Couple tackles every problem on 80-acre dairy farm

By STEVE BROWN

Capital Press

CHEHALIS, Wash. -- Owning a small dairy has enough advantages to keep Andy and Linda Styger happy -- and plenty of work to keep them busy.

They've been dairy farming for 20 years. Before that they were "hobby farming," Linda Styger said. "We had some sheep and pigs."

Andy's family came from Switzerland in 1919. The Stygers are the third generation -- and possibly the last -- on the family farm.

"It doesn't look like our children will follow in farming," Linda said. "Maybe others in the family will."

In the meantime, the Stygers have developed an operation that has 65 milking cows on 80 acres of pasture, usually from mid-April through the first of November.

"The long rainy spring has delayed our cutting hay for winter silage," Linda said. "Once it's dry enough -- in another few days, it looks like -- we'll swath the hay, let it wilt, then chop it and package it up for next winter's silage. It's usually about 800 tons."

She said there's not much left of last winter's silage. As much as the Stygers are eager for the field to dry up, the cows are even more so, she said.

"Once we've got the hay off there, they can get out there and graze."

She described the intensified rotational grazing. After every milking, she said, the Holsteins are turned out onto a new, ungrazed half-acre of grass.

In addition to the grazing, the cows go through about 200 tons of alfalfa hay from Idaho. Their organic grain ration is a parlor pre-mix that includes wheat, corn, barley, soymeal and a mineral pack, he said. Sometimes it includes flax and peas, depending on product availability.

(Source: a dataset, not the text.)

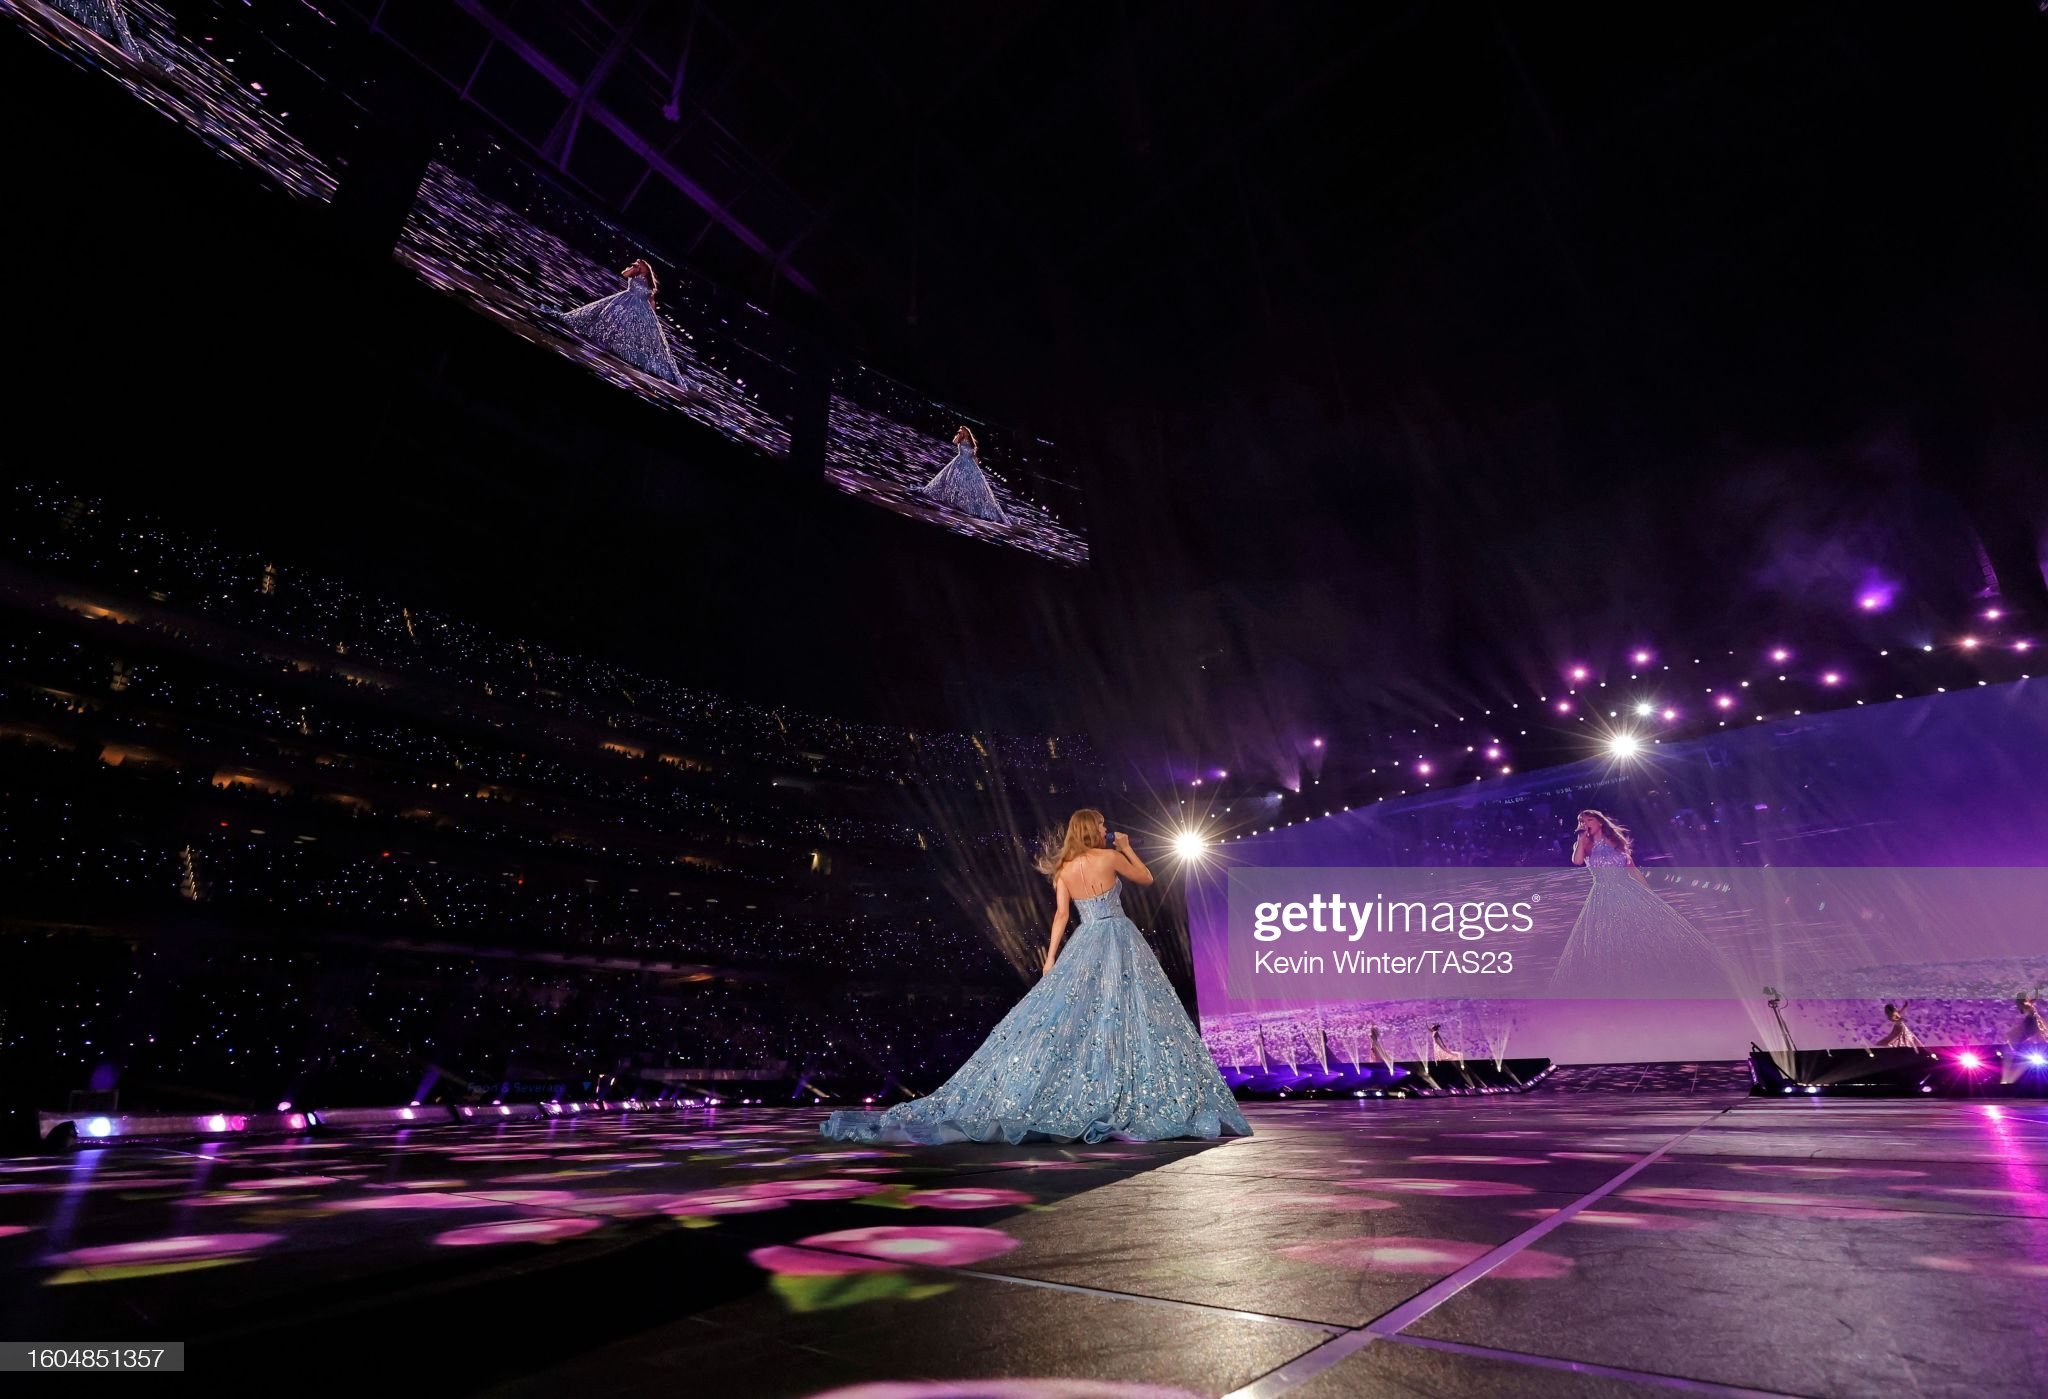 gettyimages-1604851357-2048x2048.jpg

Because the Styger farm is pasture-based, she said, it was fairly simple to become organic. They were certified organic in 2004 through the Washington State Department of Agriculture.

"We learned about organic treatment of calves, such as using aloe vera and garlic tincture instead of penicillin in case of pneumonia," she said.

All of the Stygers' milk goes to the co-op Organic Valley.

Two high-schoolers work part-time to help with the milking, but everything else falls to the Stygers.

"Like all small farmers, we do everything ourselves," Andy said. "That includes plumbing, carpentry, machine repairs -- the old-school way of doing it."

As the operation grew, Andy said, he had to buy bigger equipment than his parents had. "I had to find some old machines. Thirty-year-old equipment is easier to work on."

In addition to their milking cows, the Stygers have 75 to 80 young stock and have bought a Brown Swiss bull.

"We'll have about 30 crosses this fall," Linda said.

The animals lead pampered lives, she said. "We don't rush them into production. And spending all that time on pasture is good for them. We get 10 to 12 lactations (production years) from our cows."

The downside to being a small farm? "We can't buy in volume like the big guys can," Linda said. "And it's hard to find time to take a vacation, having to line up vet care and neighbors to help."

In the eyes of the state, though, there is no difference between a small dairy and a large one.

"All dairies are required to have a nutrient-management plan," said Jason Kelly, communications director with the Washington State Department of Agriculture. "Whatever size they are, they're subject to staff inspections of documentation and of the physical facility. That's on a 22-month cycle."

The nutrient-management plan is developed to standards adopted by the Natural Resources Conservation Service, he said. WSDA makes sure farmers follow the plan as drafted.

There may be one difference, he said.

"The nutrient-management plan for a small dairy would be significantly less involved," he said.